「殺しのデュエット」エリオット・ウェスト


ロサンゼルスの中年私立探偵ジム・ブレイニーは秘書で恋人のベデリアとの映画館でのデートを楽しんだ後、駐車場にて麻薬の売人と覆面捜査官の撃ち合いに遭遇する。咄嗟の出来事に思わず拳銃を抜いて逃げる売人たちに発砲してしまった彼は売人を殺してしまう。一躍誌上の英雄となった彼のもとにこの事件が引き金となったかのように高名な富豪のコルビーから事件の依頼が入る。離婚して家を出たコルビーの元妻の行方の捜査を依頼されたジムは部下のドンとベデリアとともにラスベガスで容易く元妻を発見するがコルビーの本当の目的は、元妻がコルビーから奪った100万ドルのダイヤの奪還であった。報酬は15万ドル。ケチな私立探偵としては目がくらむ破格の報酬だ。しかし、コルビーの元妻の現在の夫ガンナーはギャングのボスであり、これまでの仕事とはわけが違う。迷いながらもラスベガスへ乗り込むことを決めたジムたちであったが、彼らを待ち構えていたのは不気味な脅迫状と暴力の魔の手であった…。

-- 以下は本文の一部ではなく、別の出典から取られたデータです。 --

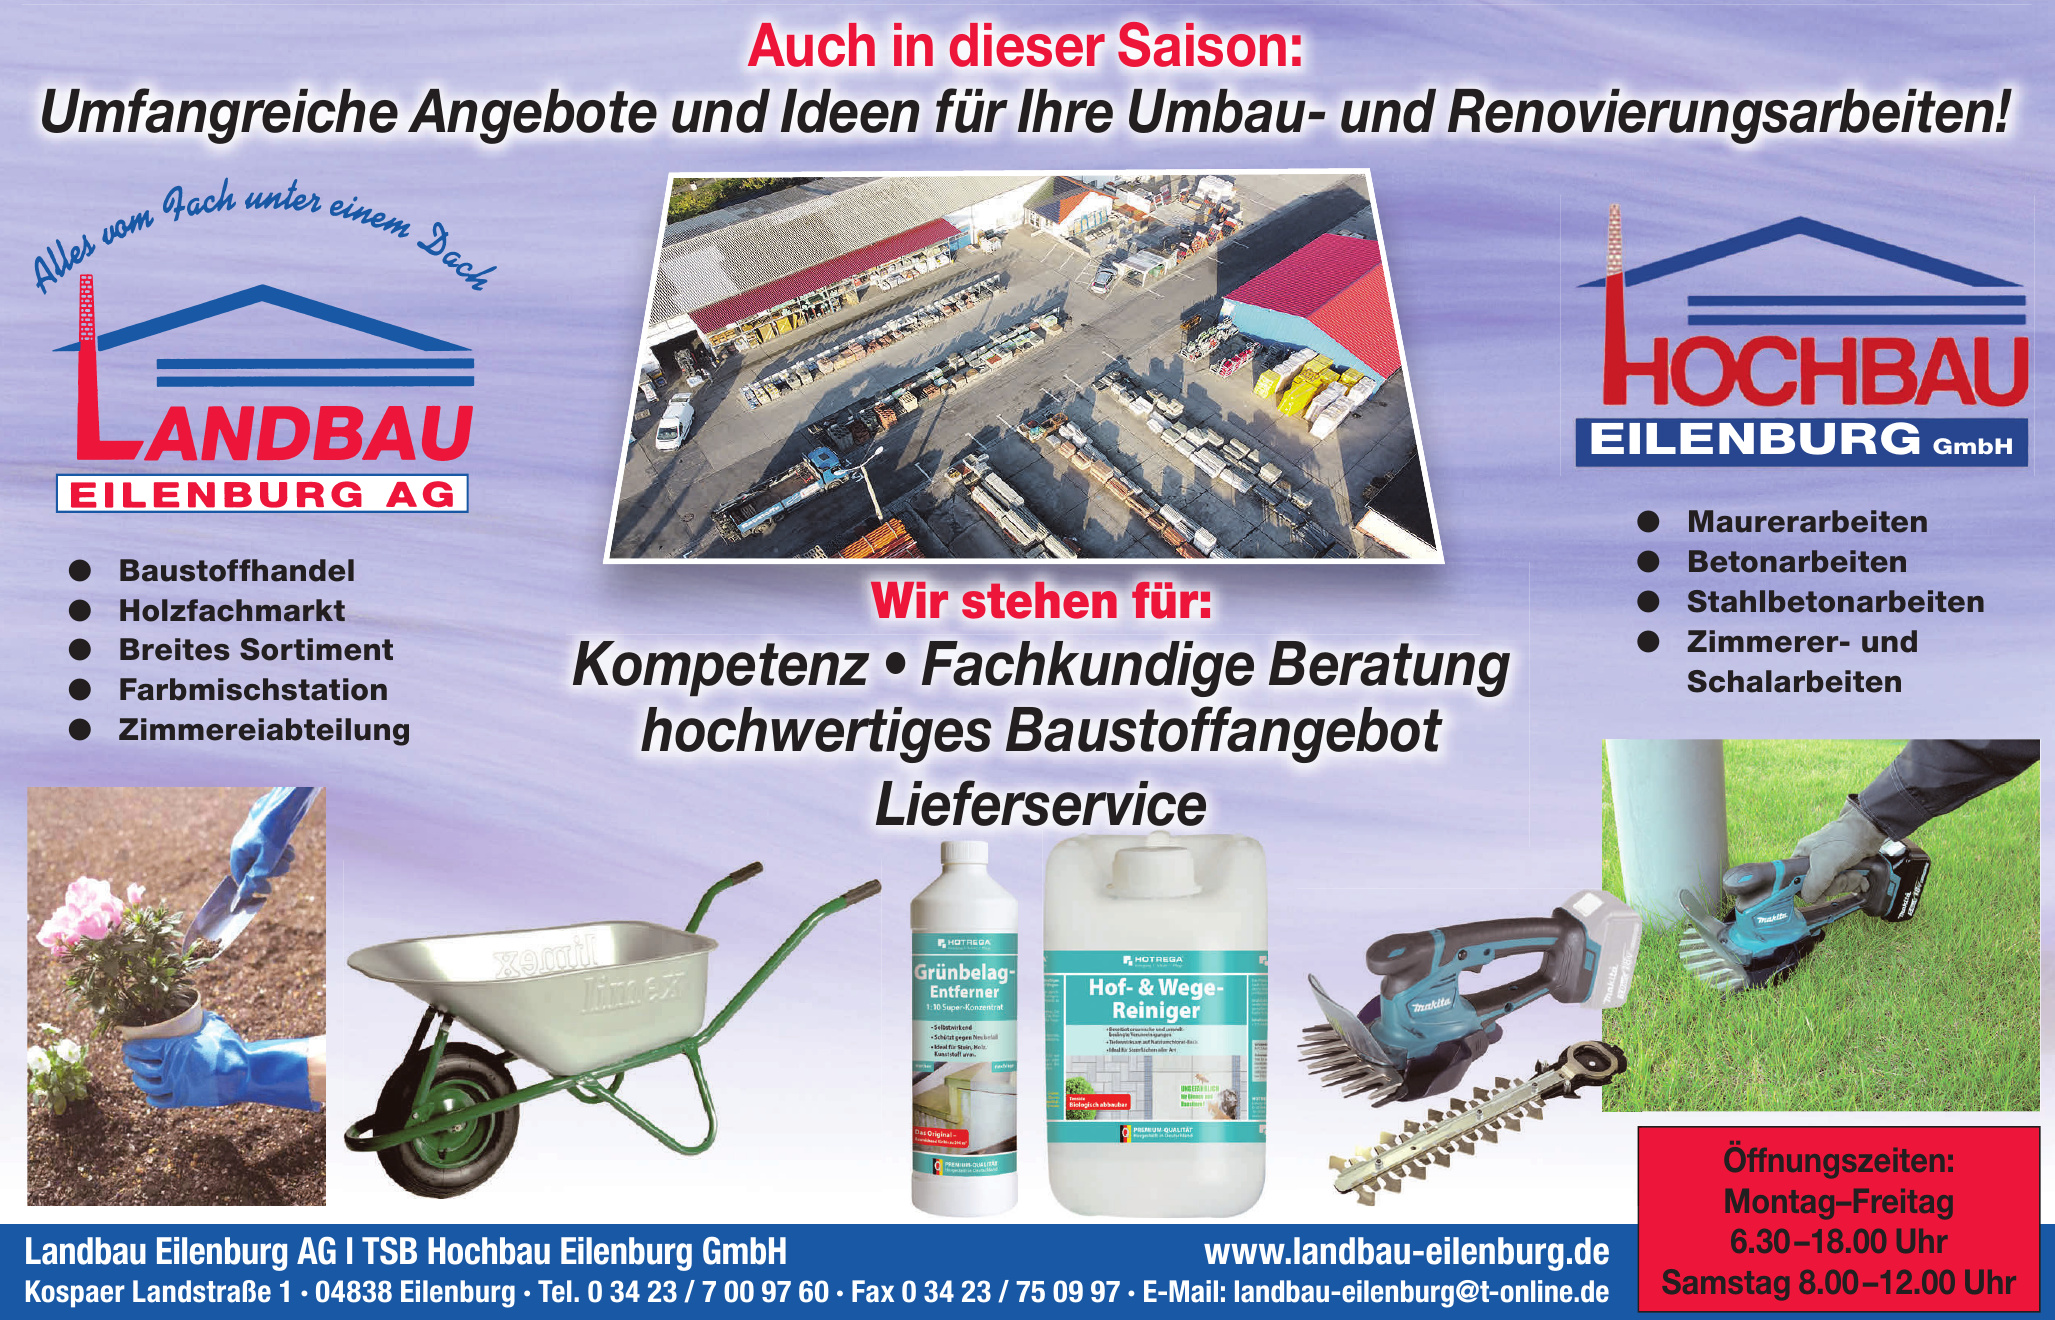 Landbau Eilenburg AG - TSB Hochbau Eilenburg GmbH

本作はハードボイルドの名訳者にして専門家でもある小鷹信光が編集した河出書房のアメリカン・ハードボイルドシリーズの第9巻に当たり、先行の作品にハメットのマルタの鷹やチャンドラーのベイ・シティ・ブルースなどが上梓されている。私はエリオット・ウェストという名前を知らなかったが、小鷹の解説によると彼はル・カレと比肩されるようなスパイ小説畑の人間であったようで、私立探偵小説は本作一作だけという人物であったらしい。小鷹はその姿勢を潔いと語っているが、私も同じ感想を抱いた。そして、本作が初の私立探偵小説とは思えない完成度を誇っている。

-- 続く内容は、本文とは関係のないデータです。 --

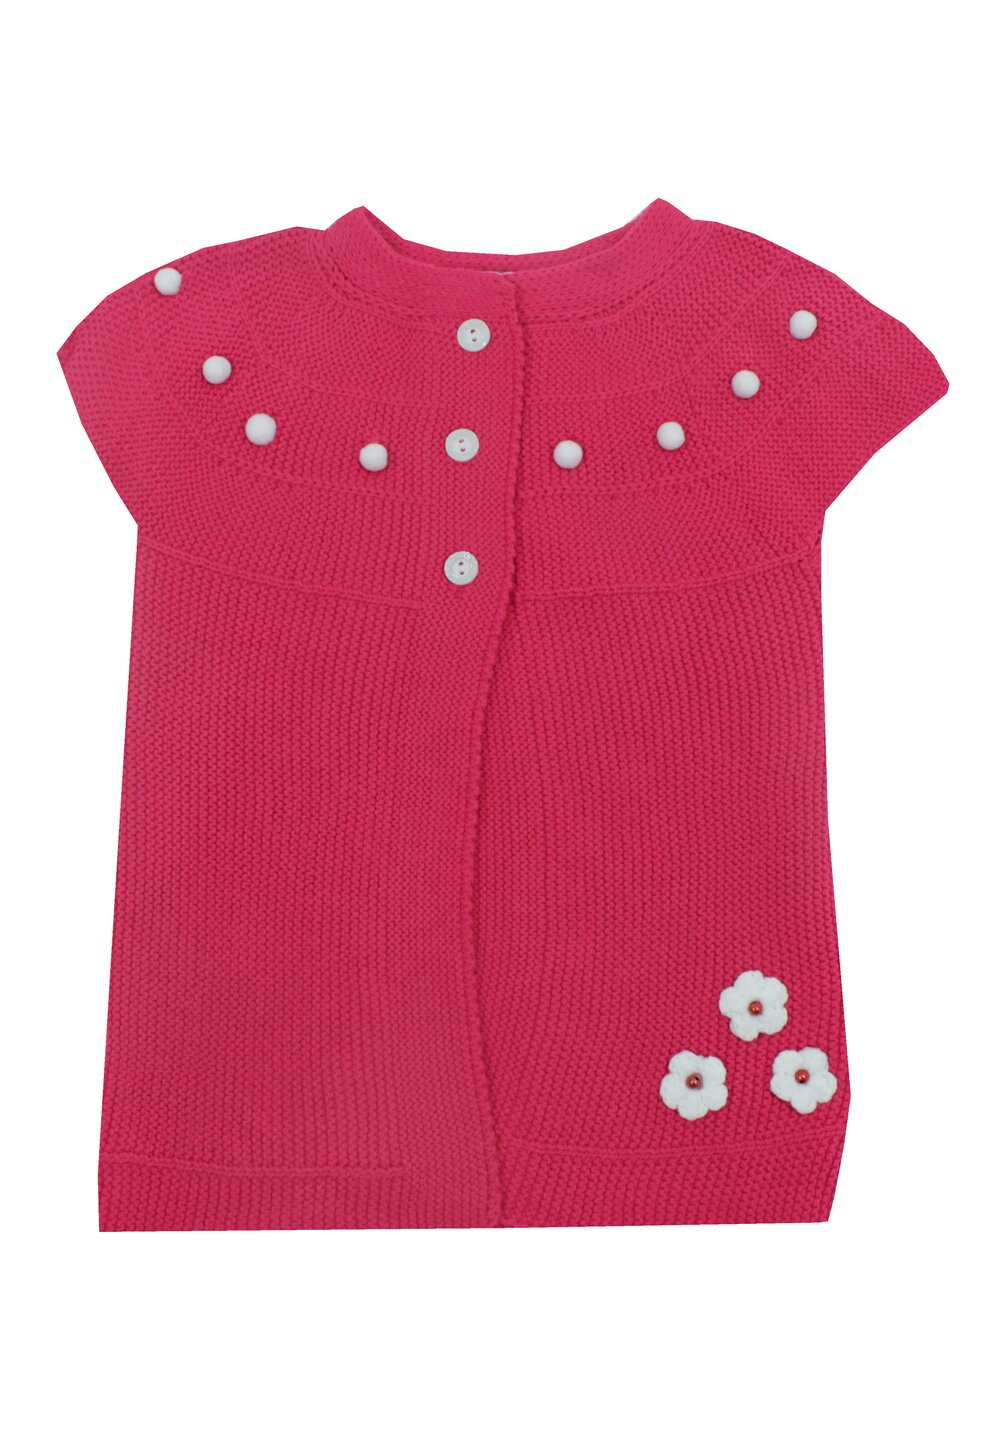 Vesta tricotata, acril, Arabela, roz inchis

主人公のジムは50歳になろうかという中年の私立探偵で、離婚した妻との間に2人の娘がいる。そして現在は事務所を開いた日に広告を見て応募してきたという25歳のベデリアと運命的な結びつきをもって愛を交わしている。しかし、彼は前途溢れる彼女が老いゆく自分と時間を浪費していることに悩み、別れを切り出すタイミングをうかがっていた。そんな彼が売人を射殺してしまったことをきっかけにこの一連の金と血に塗れた事件に呑まれていくこととなる。

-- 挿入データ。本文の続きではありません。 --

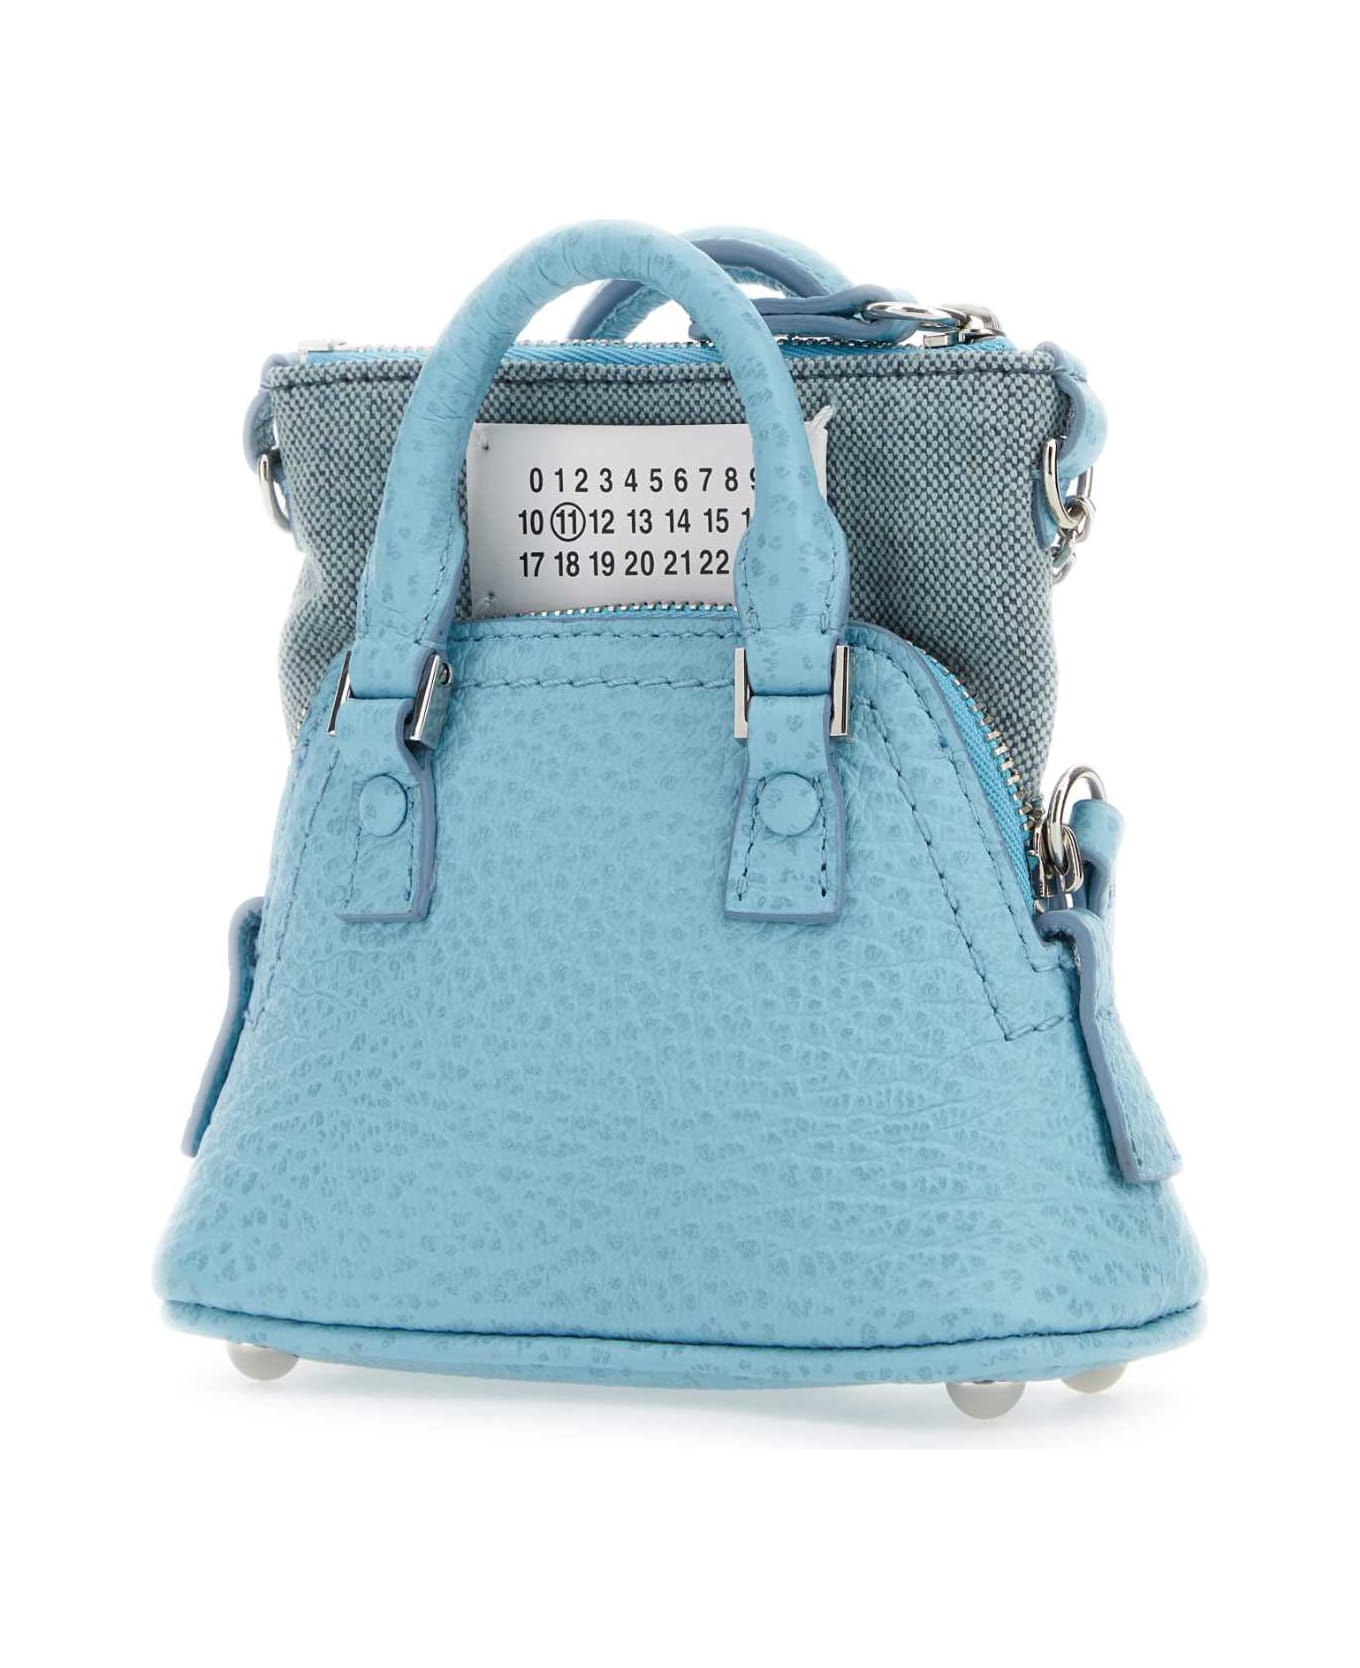 Maison Margiela Light Blue Leather And Fabric 5ac Classique Baby Handbag - AQUA

作中でもジムと血気盛んな若き探偵ドンとの間に印象的な会話がある。

 


「問題は、われわれが今までの探偵からマルタの鷹を探す命知らずの三人になっちまったってことだ。それも、全部アドリブでやるしかない。細かい計画なんか立てようがない」

「だれかが突破口を見つけるまで、動きようがない」

「ジム、一度でもやりそこなったら一巻の終わりだな」

「それだけは覚悟しておく必要がある」

 


ここで触れられているマルタの鷹と言えばハメットが生み出し、ハンフリー・ボガードが演じた名探偵サム・スペードが追い求めた宝物のことだが、この鷹の争奪戦の最中、何人もの男が命を落とす、探偵たちにとって曰く付きのアイテムだ。ジムたちもこのストーリーを知っていながらも、大金を手にしたらどうするか、と考えることをやめられない。ジムは娘の大学の学費を払ってやりたいし、ベデリアはジムとボートで旅をしたいし、ドンは困窮の縁に立つ母親のために使ってやりたい。正常な正義感に溢れた市井の探偵だったはずの彼らが大金を前にこれまでの自分たちの仕事とは扱う内容も規模も違うと尻込みしながらも大金の魅力に抗うことができず、なし崩し的に危うい方向へとハンドルを切っていってしまう様は実にスリリングだ。

本書の原題のThe Killing Kindとは「時として、人を殺すことのできる人間」という意味ではないか、小鷹は考察している。この意味を踏まえて本書のラストを読んでみると誰がこの人間に当てはまるのか。それを考えるととても哀しい。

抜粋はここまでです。